Note that, of the four metrics in Eqs. (11)–(14), the most significant are the Acc and MCC: the former reflects the overall accuracy of a predictor, while the latter represents the stability of a predictor in practical applications. Both Sn and Sp of the predictor A are higher than those of the predictor B, we can declare A is better than B. To make a more meaningful comparison, MCC is utilized to realize simple and convenient comparison.

In order to demonstrate the performance of a predictor intuitively, the ROC with $$1 - Sp$$ as the horizontal axis and the Sn as the vertical axis is used to evaluate the performance across the entire range of its decision values in this paper. In general, the ROC of a good predictor is above the line $$y=x$$. As the x-coordinate increasing, the y-coordinate approaches 1, which means better performance. AUC is the area under the ROC curve, $$0<AUC<1$$. The closer the AUC is to 1, the better the performance of the predictor is.

### K-fold cross validation

With the metrics system to evaluate the quality of a predictor, it is necessary to utilize a reasonable validation method to score five measure indexes. The 10-fold cross validation is employed in this study that divides the dataset into 10 parts, among which just one part is used as the test set in turn, and nine parts are taken as the training set for experiments.
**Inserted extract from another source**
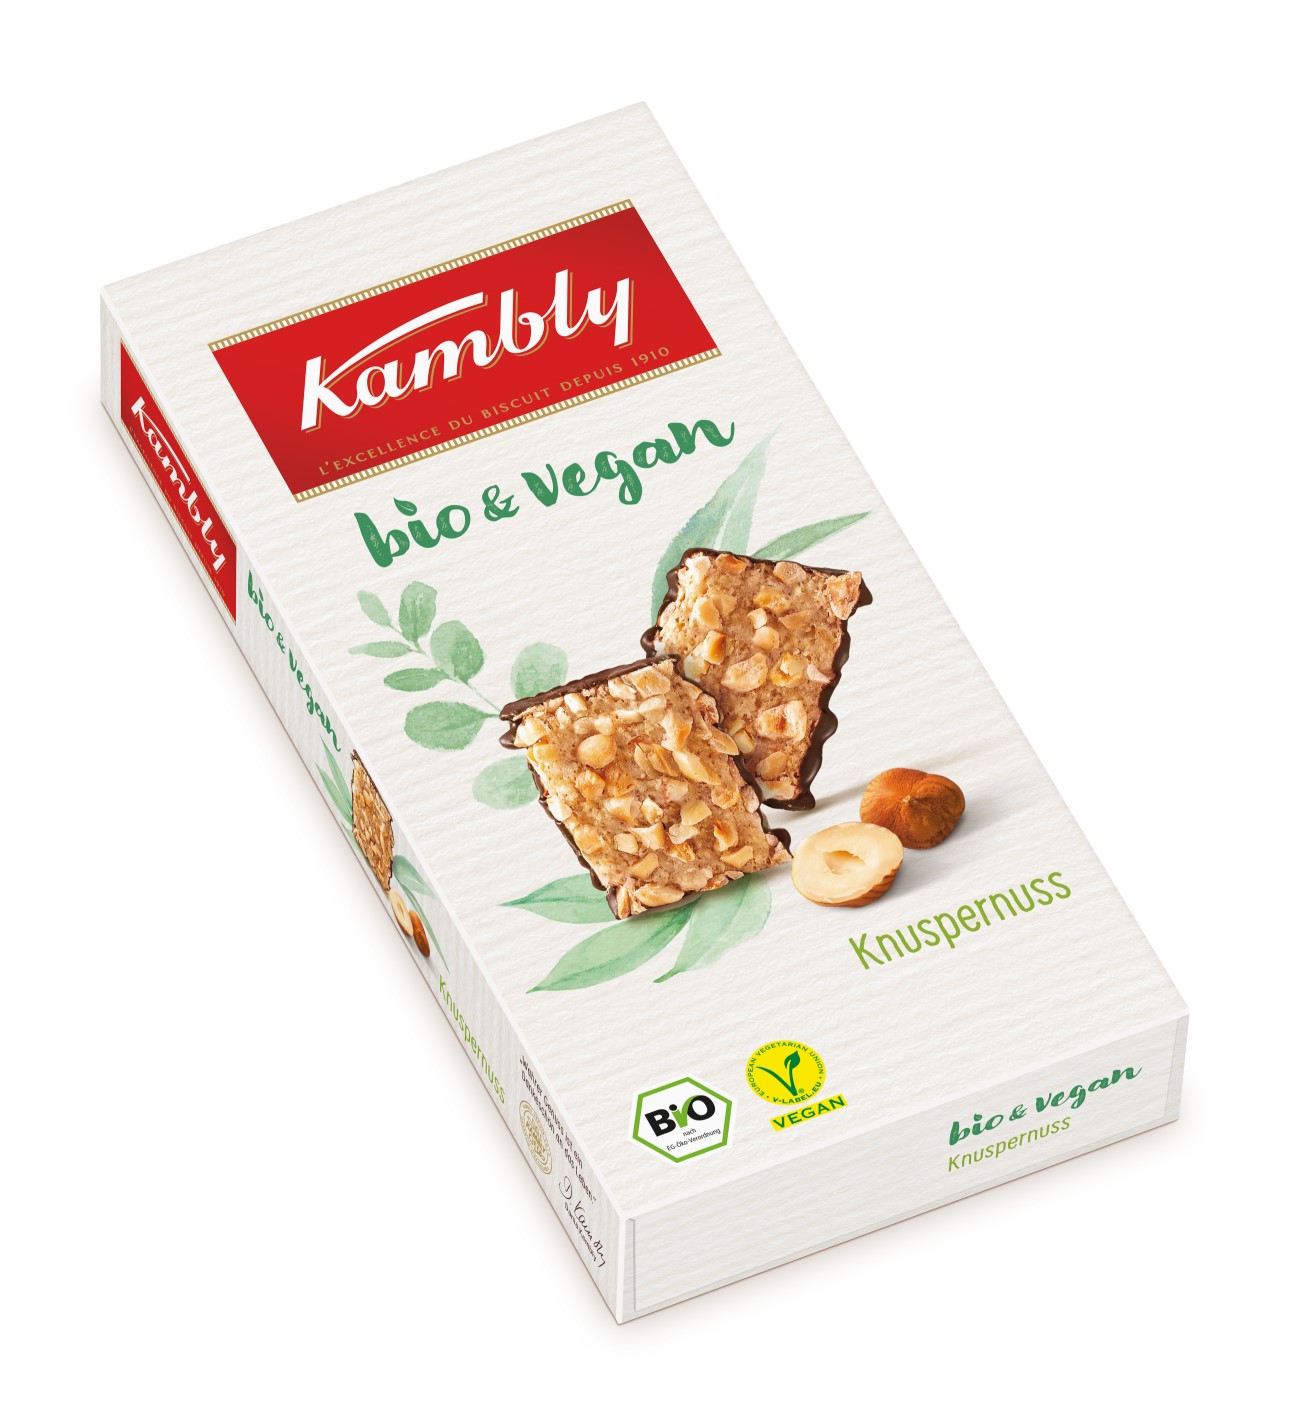 Kambly bio&vegan, Knuspernuss 95g

Each fold of experiment can obtain the TP, TN, FP, FN, and the probability of predicting each sample in the test set. After the experiments, ten sets of such data can be obtained, and the corresponding evaluation indexes can be calculated. Meanwhile, the ROC curve can be drawn based on the probability of each sample, which can better reduce the experiment errors and randomness.